One needs tough skin to be a queer artist from Ohio and take on cities like New York and Paris, especially in the early 20th century. That’s exactly what Abbott did and quite successfully.

Berenice Abbott was an artist with her own mind and wasn't really interested in what others thought of her. She was quite a drinker, a chain-smoker, and loved to dance. In fact, Julia Van Haaften author of “Berenice Abbott: A Life in Photography” writes, she and Man Ray were actually kicked off the dance floor for “obscenity”. She roamed around various nooks and crannies of New York City to take her photographs. When one of her supervisors suggested that nice girls don’t go to the Bowery, she replied she cared less about being a nice girl and that she’s a photographer, and went anywhere. 
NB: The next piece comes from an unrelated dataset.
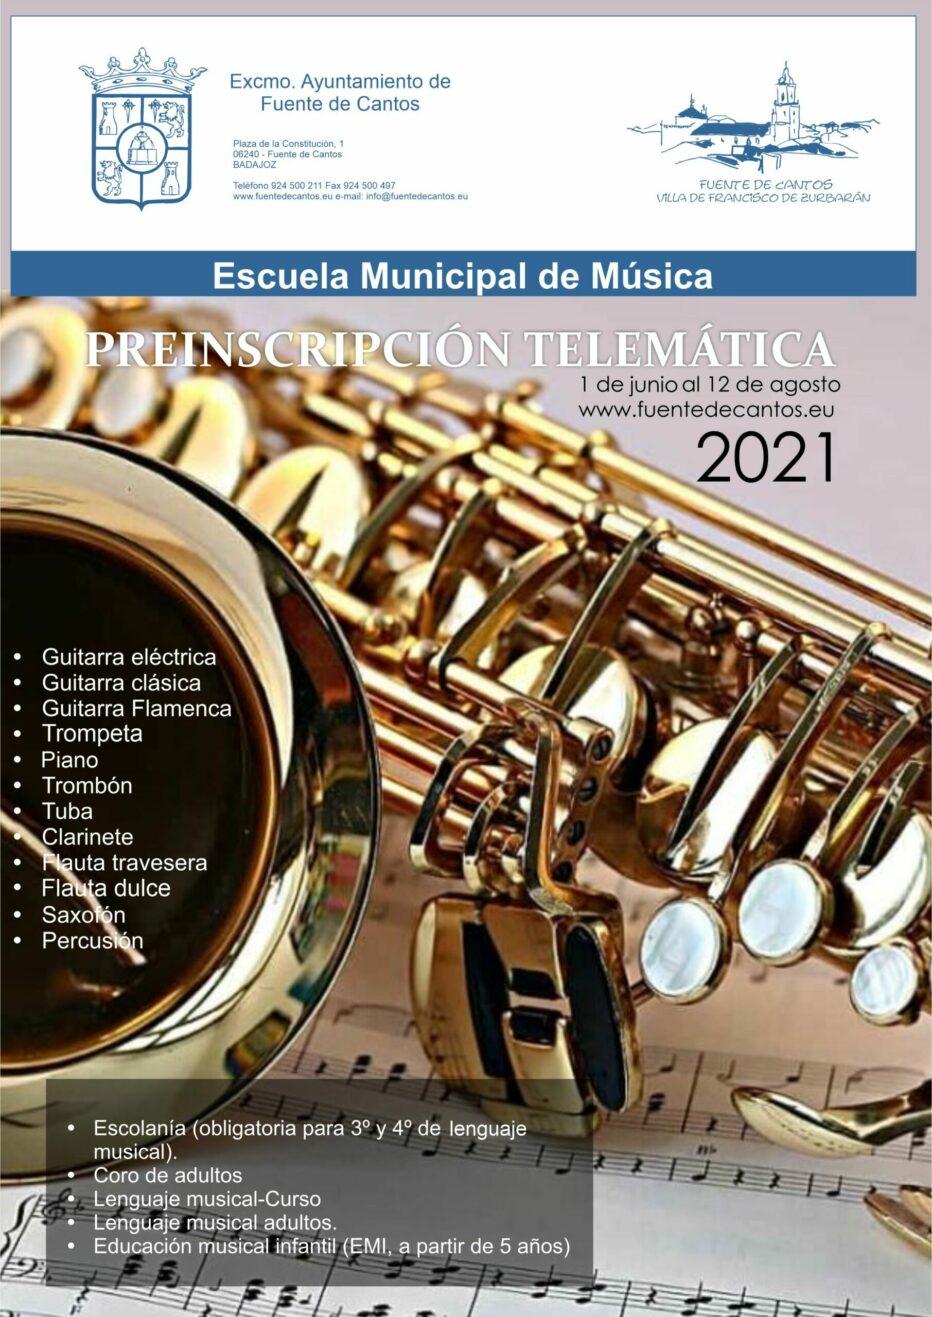 Preinscripción Escuela Municipal de Música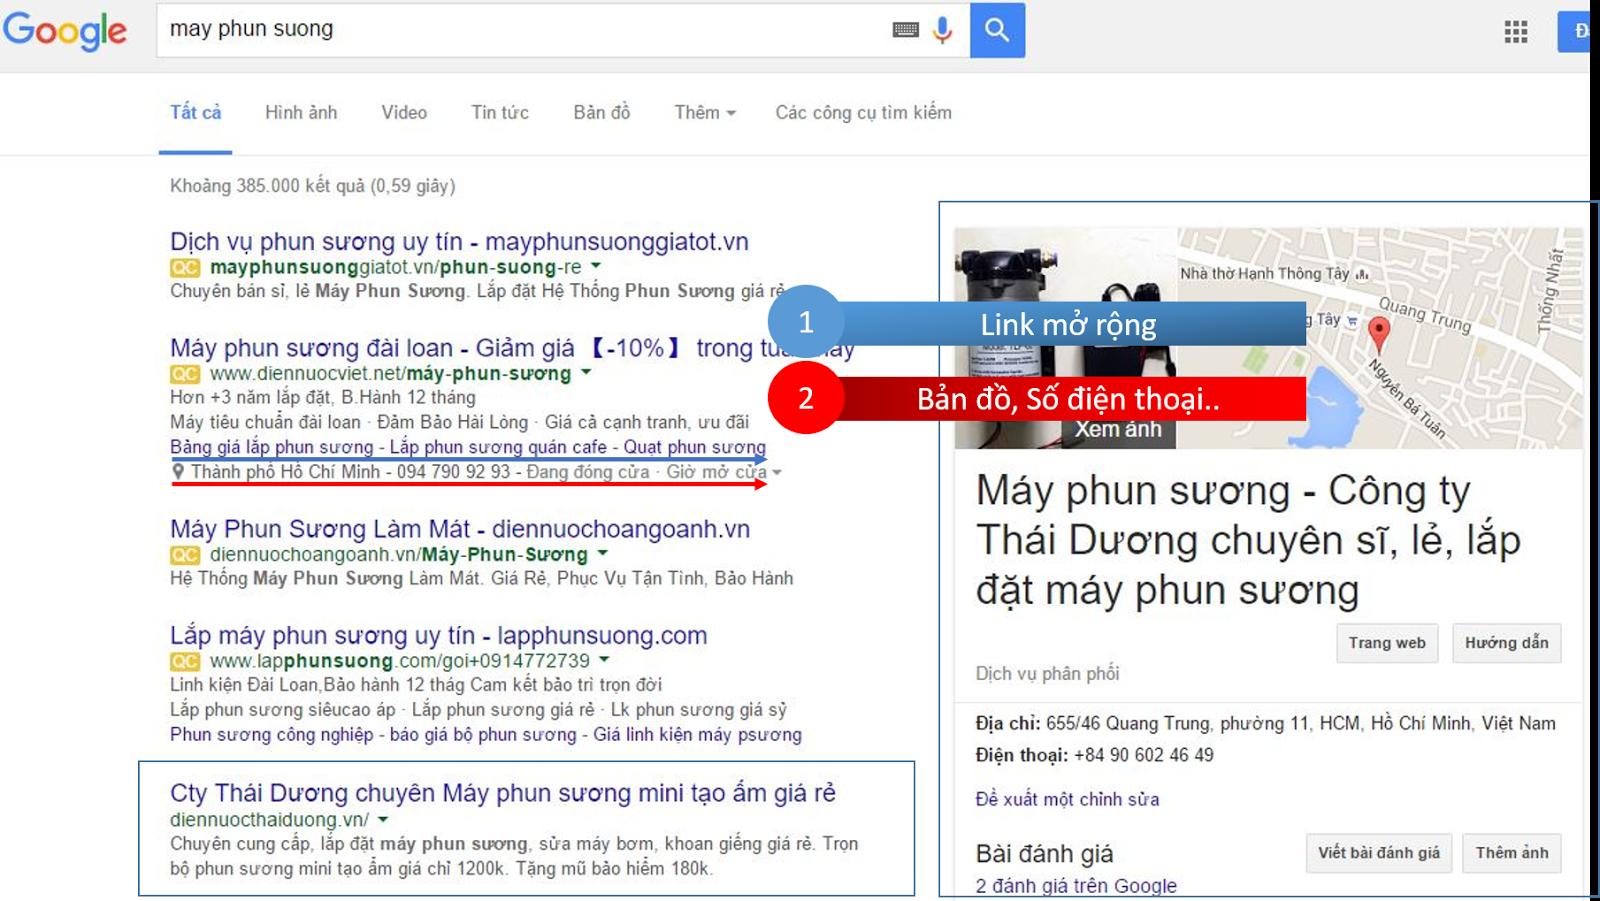 Mẫu quảng cáo Google Adwords tiêu biểu

Abbott was quite adept at making connections which helped her career move forward. She was able to set up her own studio in Paris with the help of none other than art collector and socialite, Peggy Guggenheim. It’s no surprise she befriended the sculptor Isamu Noguchi, who is the subject of many of Abbott’s photographs. She was once a sculptor herself but decided that photography was far more interesting. Her introduction to portrait photography grew out of her job as Man Ray’s assistant. However, her photographs of New York streets are directly linked to artist Eugène Atget. Of course the artist was also a friend of Abbott’s and after his death, she played a large role in introducing his work to the public.

Abbott later abandoned portrait photography and took a more objective approach. She believed that we all lived “in a world made by science,” and photography could serve as “a friendly interpreter between science and the layman.” According to Abbott, not everyone could be this interpreter, especially not scientists. During an interview at the physical science study committee at MIT, she recalls saying that “scientists were the worst photographers in the world” and that they “needed one of the best,” which of course was her.

This objective photography included scenes of a changing New York for the Federal Art Project. The Museum of the City of New York exhibited a second major solo exhibition featuring Abbott’s works called “A Woman Photographs the Face of a Changing City.” One of the most fascinating things associated with this exhibition are the captions for the photographs written by writer and art critic Elizabeth McCausland, Abbott’s longtime partner. These captions, that interpreted Abbott’s works beautifully, were meant to be included in the book cataloging Abbott’s New York scenes. Her captions were never included, though, since the publisher E.P. Dutton had other ideas. He meant for the book to be a tourist guide to New York, which apparently called for dry factual captions instead. These archival papers give us a glimpse into their relationship. Both lived together in New York for about 30 years until McCausland died of chronic health issues. Abbott continued to work, gaining popular recognition in the 1970s.